DNA is a string of pearls enclosed in a tiny space. For decades, we've studied the sequence of these pearls: the A, T, C, and G bases that form the code. But what really matters is how this string folds. The loops, folds, and three-dimensional structures decide which genes are turned on and which remain off. MIX-HIC è the first multimodal model of artificial intelligence that can read this hidden architecture. Yes, sir, the 3D Genome. It does this by integrating two types of information: maps that show which parts of the DNA touch each other in space (called Hi-C) and chemical signals that indicate where the DNA is accessible (epigenomic signatures). What does this mean? Let's take a look together, calmly.
The 3D genome is not a detail: it is the mechanism
A liver cell and a neuron have the same DNA. Yet they do completely different things. The secret is not in the sequence, but in form. When DNA forms a chromatin loop, brings distant regions of the genome closer together. A chromatin loop is like a molecular bridge connecting a switch and the gene it's supposed to control. The shape is the switch. If the loop doesn't form, the gene stays off. If it forms in the wrong place, it turns on when it shouldn't.
Studying the 3D genome has so far been like putting together a puzzle with pieces from different boxes. Scientists had the contact maps of DNA, showing which regions touch each other in space. They also had the epigenomic traces, which reveal where the DNA is "open" and ready to be read. But these data were analyzed separately, with methods specialized for specific tasks. In practice, the overall picture was lost.

MIX-HIC learns two languages and the nuances of both
The team ofHong Kong University of Science and Technology has developed a system that completely changes the approach. MIX-HIC has been trained on over 1,2 million paired samples of Hi-C maps and epigenomic signatures: the largest dataset ever created for 3D genome study. The architecture is ingenious: the system doesn't simply "merge" the different types of data. It learns to recognize both the features common to both modalities and the unique features of each. It's like a translator who not only knows two languages but also understands cultural nuances.
In tests, MIX-HIC outperformed all existing methods in three key tasks. First: predict how DNA will organize itself in 3D in different cell types, with improvements up to 9,3% compared to the best previous systems. According to: identify chromatin loops with unprecedented precision. Third: predict how active a gene will be, essential information for understanding cell function.
When data is missing, imagine it
Hi-C data is expensive and difficult to obtain. It's often missing. MIX-HIC solves this problem too: thanks to its extensive training, the system can "imagine" how the 3D genome would be organized even when only epigenomic traces are available. It's like a detective reconstructing a crime scene with few clues, having learned from thousands of previous cases. This "unified semantics" approach allows the system to fill in gaps in the experimental data while maintaining the accuracy of its predictions. Of course, human supervision is required—it's no Oracle of Delphi—but the time savings are immense.

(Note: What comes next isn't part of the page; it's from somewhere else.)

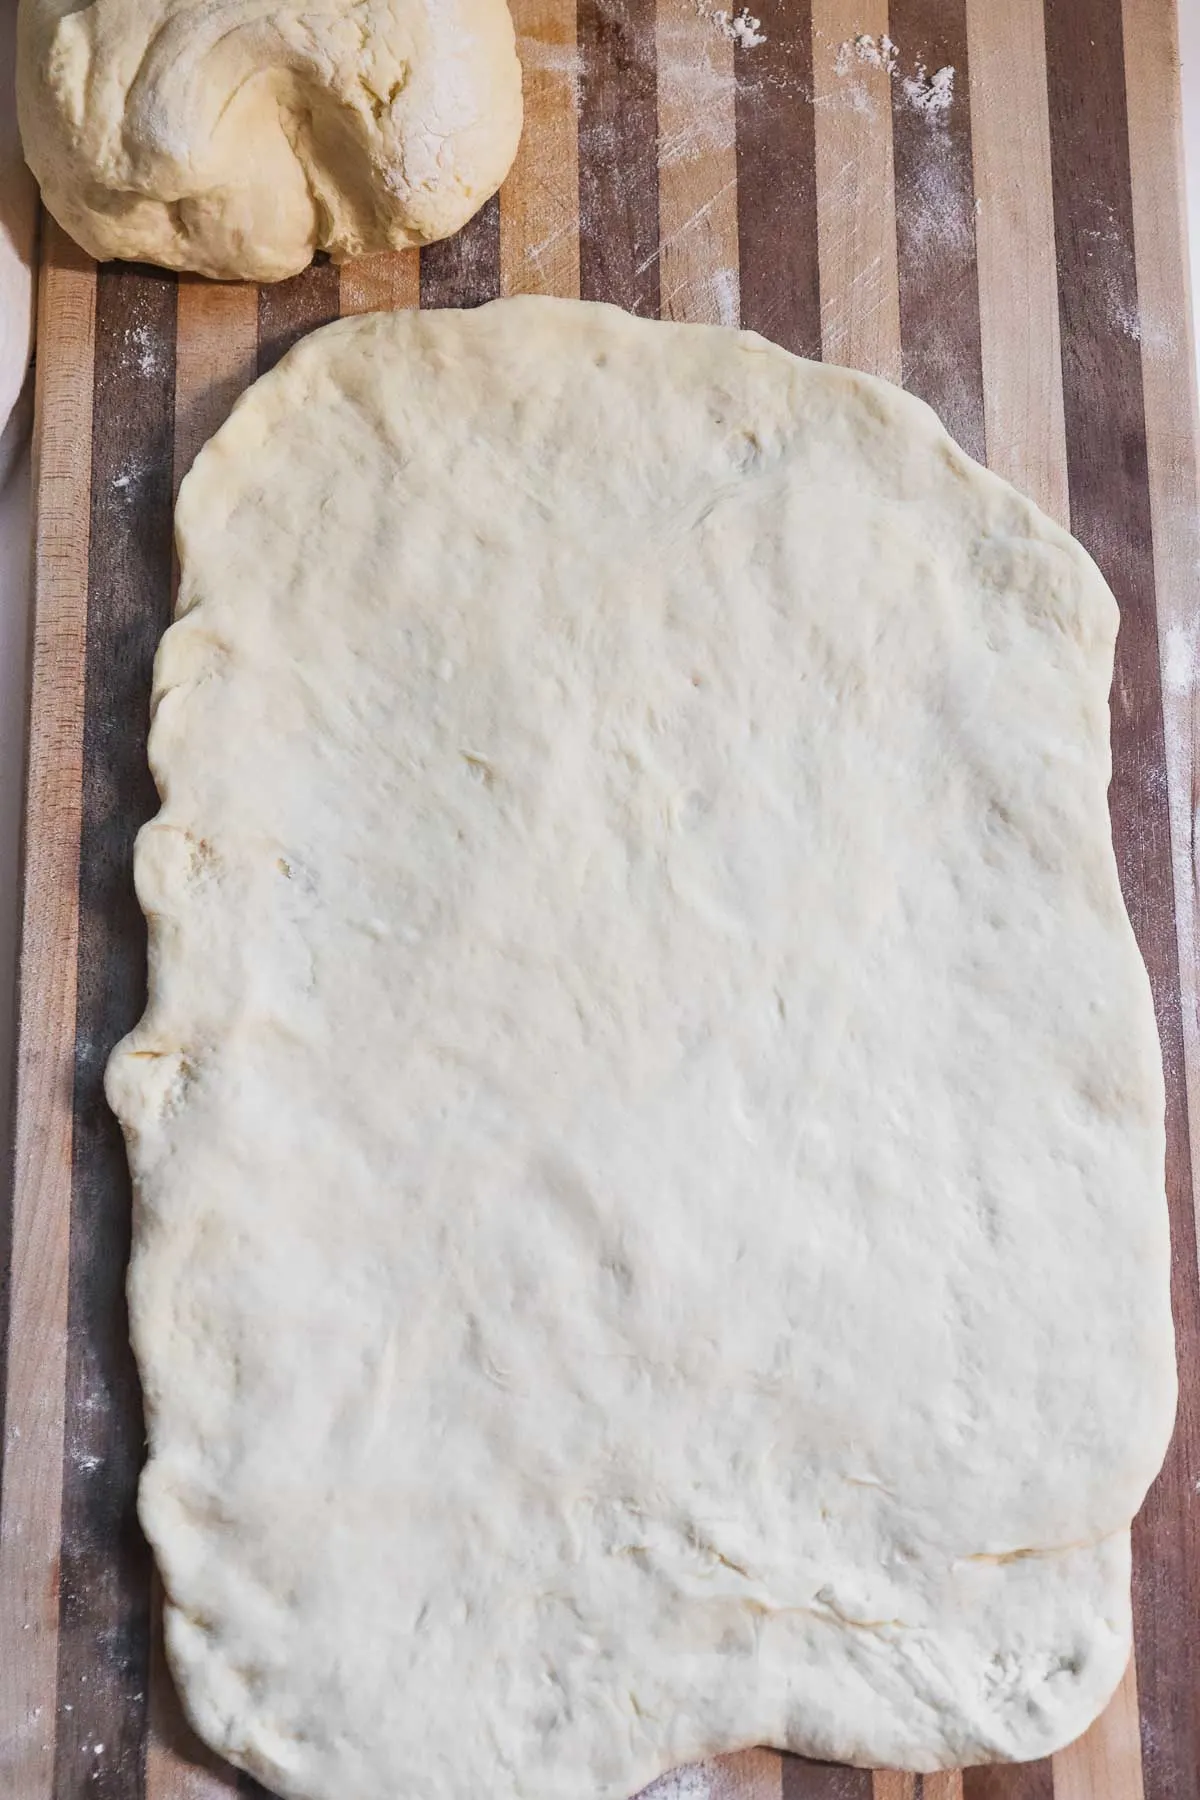 Rolled out pizza dough for pinwheels

Diseases are not just wrong sequences
Many diseases (from cancers to rare genetic disorders) are caused not by simple errors in the DNA sequence, but by problems in the organization of the 3D genome. A gene important for suppressing tumors might be "switched off" because the 3D structure prevents regulatory factors from reaching it. Or a mutation might not directly change a gene, but rather alter a chromatin loop that controls it remotely.
With MIX-HIC, researchers can now analyze the 3D genome of specific patients to identify these structural problems. This opens the way to more precise diagnoses: Understanding exactly what's wrong with a patient's DNA organization. And targeted therapies that take into account not only which genes are mutated, but how the entire genomic architecture is altered. As is already happening in personalized nutrition, where genomics and AI are revolutionizing the way we care for our health.

3D Genome: Amplifies Capabilities, Not Replaces Them
The system accelerates basic research: instead of conducting lengthy and expensive experiments for each cell type, researchers can use MIX-HIC to virtually explore thousands of scenarios, identifying the most promising ones for laboratory testing. It's a tool that democratizes access to precision genomics, making it faster and more affordable. The methods developed to model these weak signals can also be used in astronomy, planetary defense, and monitoring the impact of human technology on our space environment.
MIX-HIC is an example of how artificial intelligence can amplify human capabilities in scientific research. It doesn't replace scientists: it offers them a tool to decipher one of biology's most complex puzzles: how the three-dimensional shape of our genome orchestrates the symphony of cellular life.
And when the music is out of tune, maybe he can tell us what we can do to bring it back into harmony.